Neural network training for MNIST digit classification using SGD and GA

License

Notifications You must be signed in to change notification settings

azimonti/MNIST-classification

Repository files navigation

MNIST-classification

Repository demonstrating neural network training for MNIST digit classification.

Required Tools

  • Git
  • CMake
  • clang
  • curl
  • Fortran
  • HDF5
  • Python

Getting Started

To get started with the neural networks:

  1. Clone the repository:
    git clone https://github.com/azimonti/MNIST-classification.git
    
  2. Navigate to the repository directory:
    cd MNIST-classification
    
  3. Initialize and update the submodules:
git submodule update --init --recursive

Further update of the submodule can be done with the command:

git submodule update --remote
  1. Compile the libraries in ma-libs
cd externals/ma-libs
# optional steps if dependencies are not installed globally
# ./manage_dependency_libraries.sh -d
# ./manage_dependency_libraries.sh -b
./cbuild.sh --build-type Debug --cmake-params -DCPP_LIBNN=ON
./cbuild.sh --build-type Release --cmake-params -DCPP_LIBNN=ON
cd ../..

If any error or missing dependencies please look at the instructions here

  1. Dowload the MNIST data (source links were retrieved from the page here as the original page gives a 403 Forbidden error), but as far as are the original files and are put in the data/MNIST/ directory it will be fine.
bash download_mnist_data.sh
  1. Compile the binaries
./cbuild.sh -t Release (or -t Debug)
  1. Create the configuation files
python nn_config.py
  1. Run the simulations
./build/Release/network1_bin
./build/Release/network2_bin --training_start
./build/Release/network3_bin --training_start

Program 1

The program network1_bin is designed to load and display sample MNIST images and their corresponding labels. It uses a simple logging system to either log to the console or to a file based on the bFileLog flag.

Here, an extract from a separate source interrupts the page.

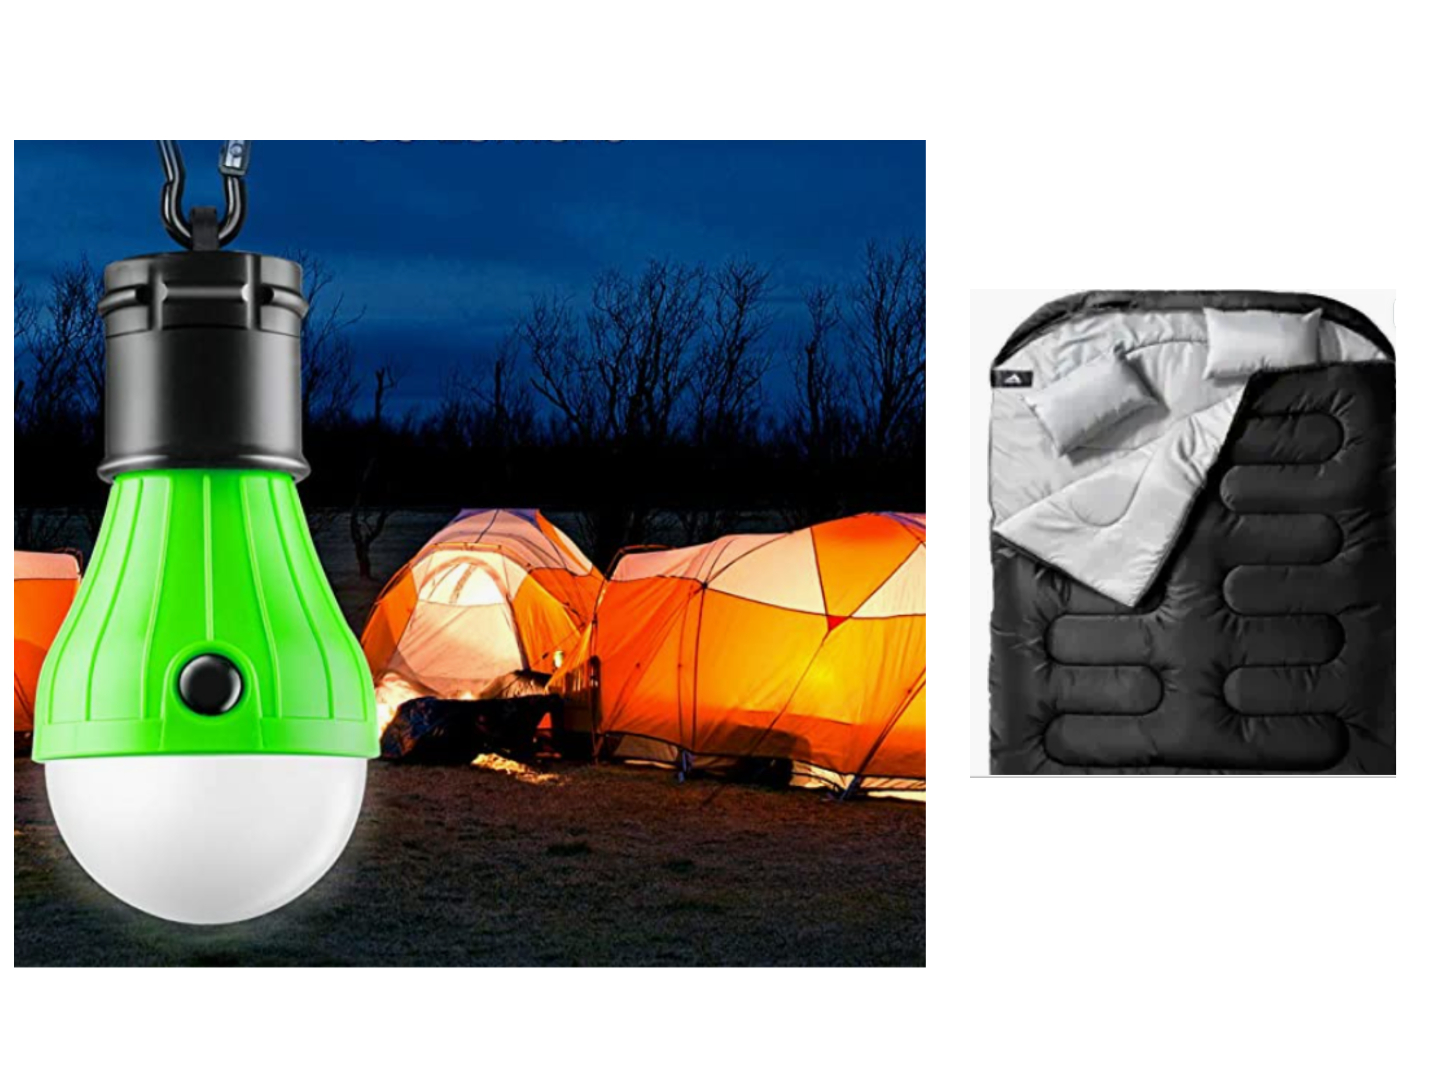 LED Camping Lantern Rechargeable, CT CAPETRONIX Upgraded Camping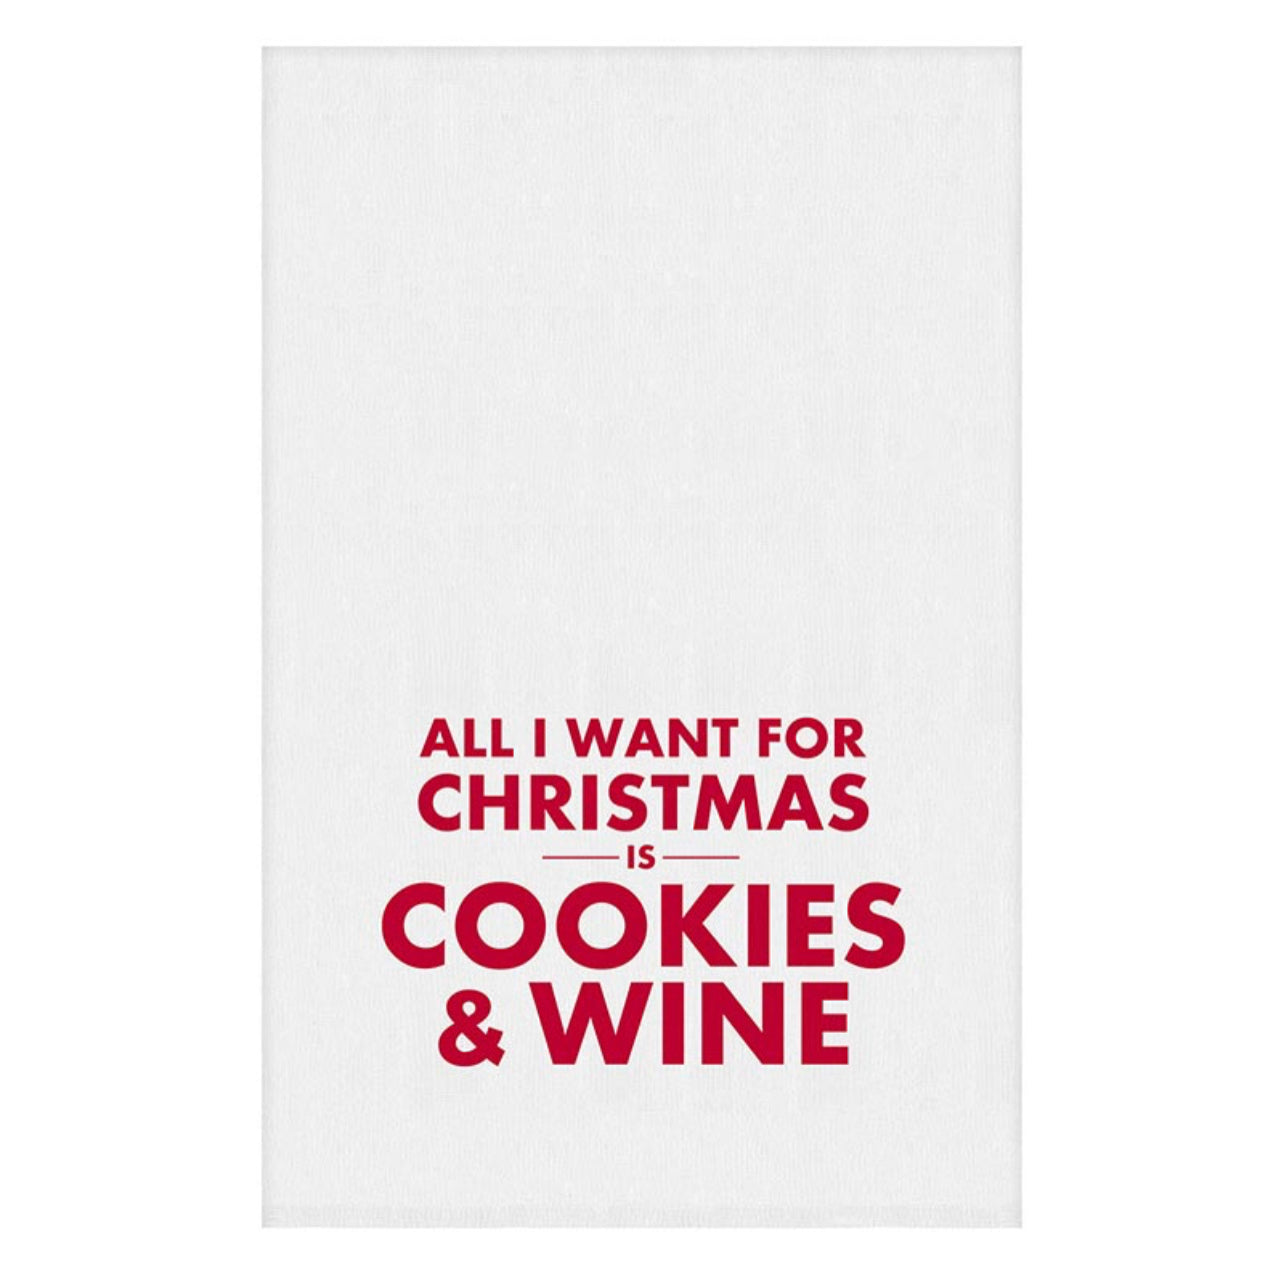 White christmas kitchen towel with red script that reads "all I want for Christmas is Cookies & wine"

The program prints a specific image to the console and outputs the corresponding label, providing a visual and numeric understanding of the dataset.

Image and label num is: 10000
Image rows: 28, cols: 28
Sample : 36 - Results is: 7
0000000000000000000000000000
0000000000000000000000000000
0000000000000000000000000000
0000000000000000000000000000
0000000000000000000000000000
0000000000000000000000000000
0000000000000000000000000000
0000001111111111111100000000
0000011111111111111110000000
0000011111110000011110000000
0001111111100000001110000000
0001111100000000011110000000
0001110000000000011100000000
0000000000000000111100000000
0000000000000000111000000000
0000000000000001111000000000
0000000000000001111000000000
0000000000000011100000000000
0000000000000111111110000000
0000000000001111111110000000
0000000000001111111110000000
0000000000001111100000000000
0000000000000111000000000000
0000000000000111000000000000
0000000000000111000000000000
0000000000000111000000000000
0000000000000111000000000000
0000000000000000000000000000
0000000100

Program 2

The program network2_bin is designed to handle both training and testing of a neural network model using the Stochastic Gradient Descent (SGD) algorithm on the MNIST dataset. It supports the following modes based on command-line arguments:

Command-line Argument Handling:

  • --training_start: Starts training from scratch.
  • --training_continue: Continues training from a previously saved state.
  • --testing: Skips training and directly proceeds with testing the model.

Training and Testing:

  • The network trains using the SGD algorithm, where nepoch determines the number of epochs (iterations) for training.
  • After training, it can be used for testing on the MNIST dataset.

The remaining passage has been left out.